Upgrade your workflow with drake

Drake is my new favourite R package.

Drake is a tool for orchestrating complicated workflows. You piece together a plan based on some high-level, abstract functions. These functions should be pure — they need to be defined by their inputs only, not relying on any predefined variables that aren’t in the function signature. Then, drake will take the steps in that plan and work out how to run it. Here’s how I’ve defined the plan above:

drake::drake_plan(
  new_data = new_data_to_be_scored(),
  tfidf = readr::read_rds(file_in("artefacts/tfidf.rds")),
  vectoriser = readr::read_rds(file_in("artefacts/vectoriser.rds")),
  review_rf = readr::read_rds(file_in("artefacts/review_rf.rds")),
  predictions = sentiment(new_data$review,
                          random_forest = review_rf,
                          vectoriser = vectoriser,
                          tfidf = tfidf),
  validation = validate_predictions(predictions),
  submit_predictions = target(
    submit_predictions(predictions),
    trigger = trigger(condition = validation, mode = "blacklist")
  )
)

Drake is magic. I’m not going to go through the intricacies of this plan or how drake works, since the drake documentation is some of the best I’ve ever seen for an R package. But here are some reasons to use drake:

It doesn’t matter what order you declare the steps, as drake is smart enough to determine the dependencies between them.
If you change something in a step halfway through the plan, drake will work out what needs to be rerun and only rerun that. Drake frees you from having to work out what parts of your code you need to execute when you make a change.
You’ll never need a directory of files with names like “01-setup.R”, “02-source-data.R”, etc. ever again.
Drake can work out which steps of your plan can be parallelised, and makes it easier to do so.
You’ll be encouraged to think about your project execution in terms of pure functions. R is idiomatically a functional language, and that’s the style that makes drake work.

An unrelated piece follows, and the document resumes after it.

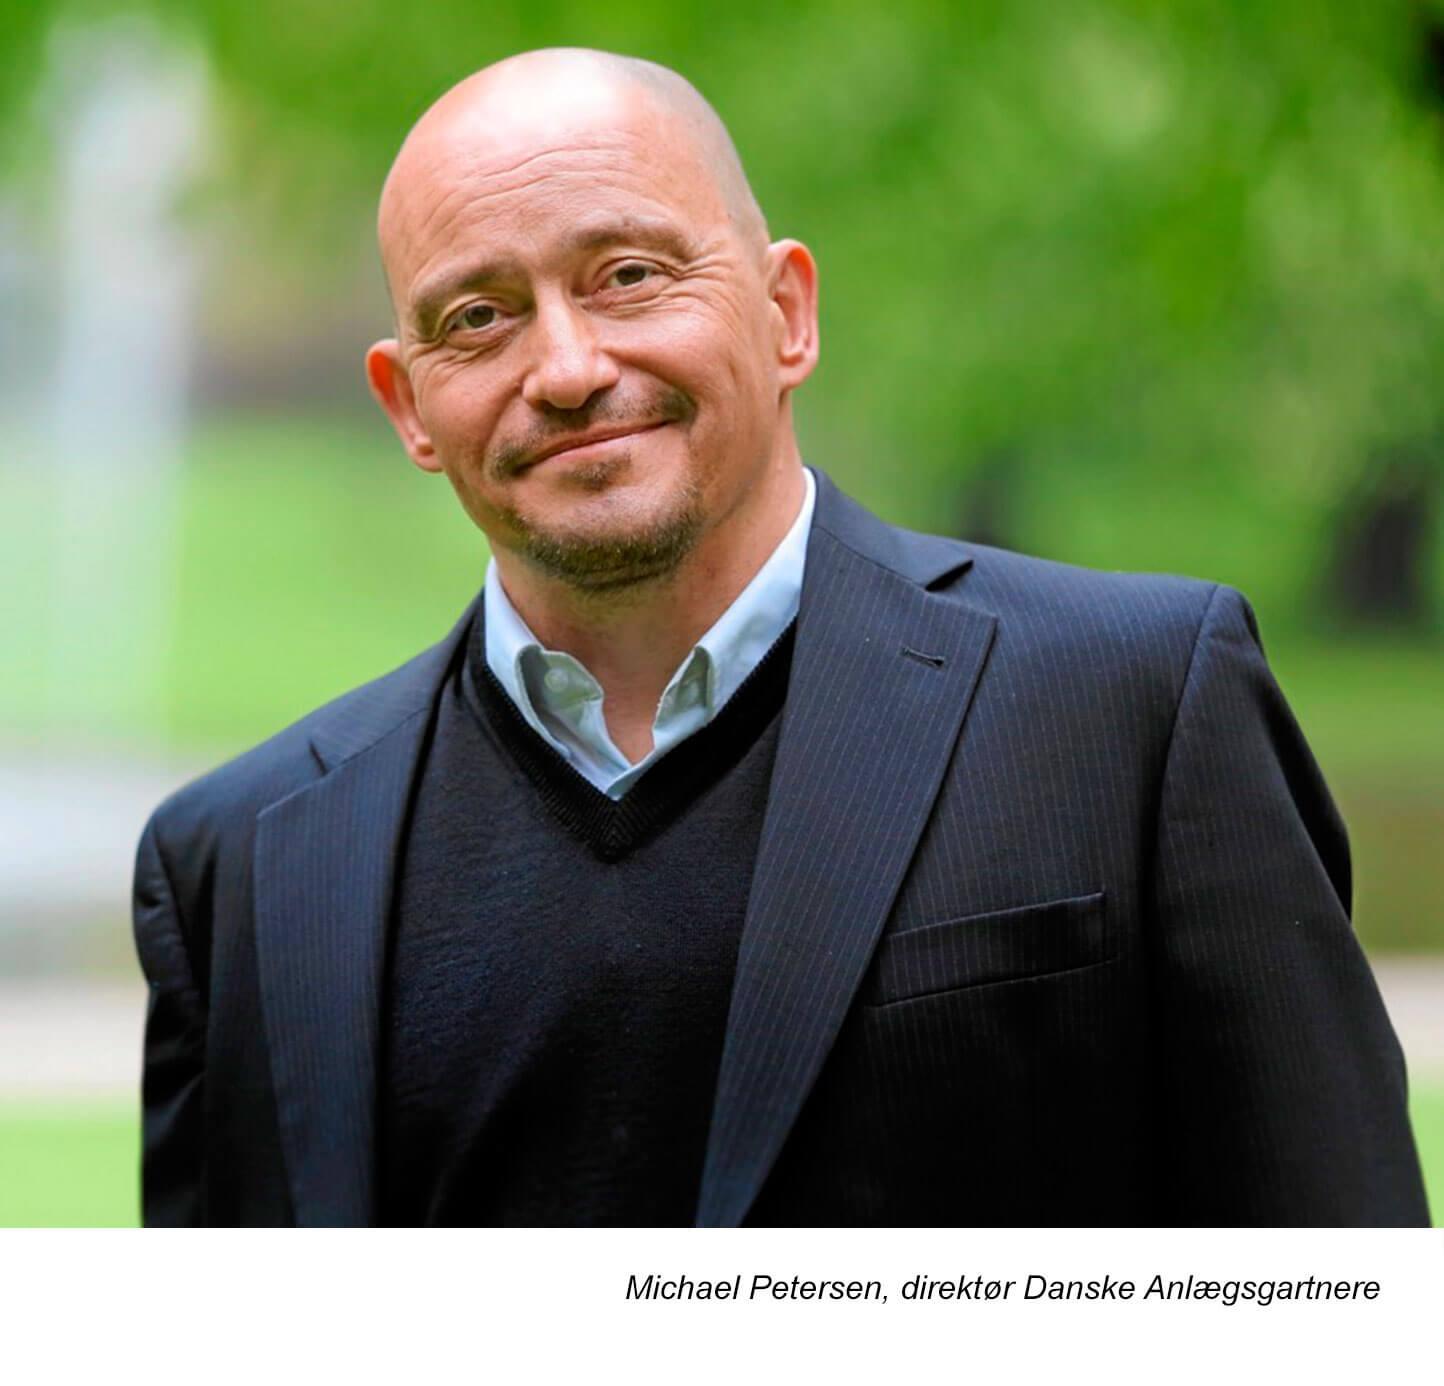 Michael Petersen, direktør Danske anlægsgartnere

I came across this powerful package when I was researching best practices for R. I wanted to see if I could fit drake into some sort of standardised approach to training and implementing a machine learning model.

Project workflows

When it comes to code, there are three major components to a machine learning project:

Exploratory data analysis (EDA)
Model training
Model execution

These components are run independently of each other. EDA is a largely human task, and is usually only performed when the model is created or updated in some major way. The other two components need not operate together — if model retraining is expensive, or new training data is infrequently available, we might retrain a model on some monthly basis while scoring new data on a daily basis.

I pieced together a template that implements these three components using R-specific tools:

EDA — R Markdown
Model training — drake
Model execution — drake

All three of these components might use similar functions. Typically we would place all of these functions in a directory (almost always called R/) and source them as needed. Here I want to try to combine these components into a custom R package.

R packages are the standard for complicated R projects. With packages, we gain access to the comprehensive R CMD CHECK, as well as testthat unit tests and roxygen2 documentation. I’m certainly not the first to combine drake with a package workflow, but I wanted to have a single repository that combines all elements of a machine learning project.

This template uses a simple random forest sentiment analysis model, based on labelled data available from the UCI machine learning repository. Drake takes care of the data caching for us. This means that we can, say, adjust the hyper-parameters of our model and rerun the training plan, and only the modelling step and onward will be rerun.

This template considers machine learning workflows intended to be executed in batch — for models that run as APIs, consider using plumber instead.

Training and execution

After cloning the repo, navigate to the directory in which the files are located. The easiest way to do this is to open the project in RStudio.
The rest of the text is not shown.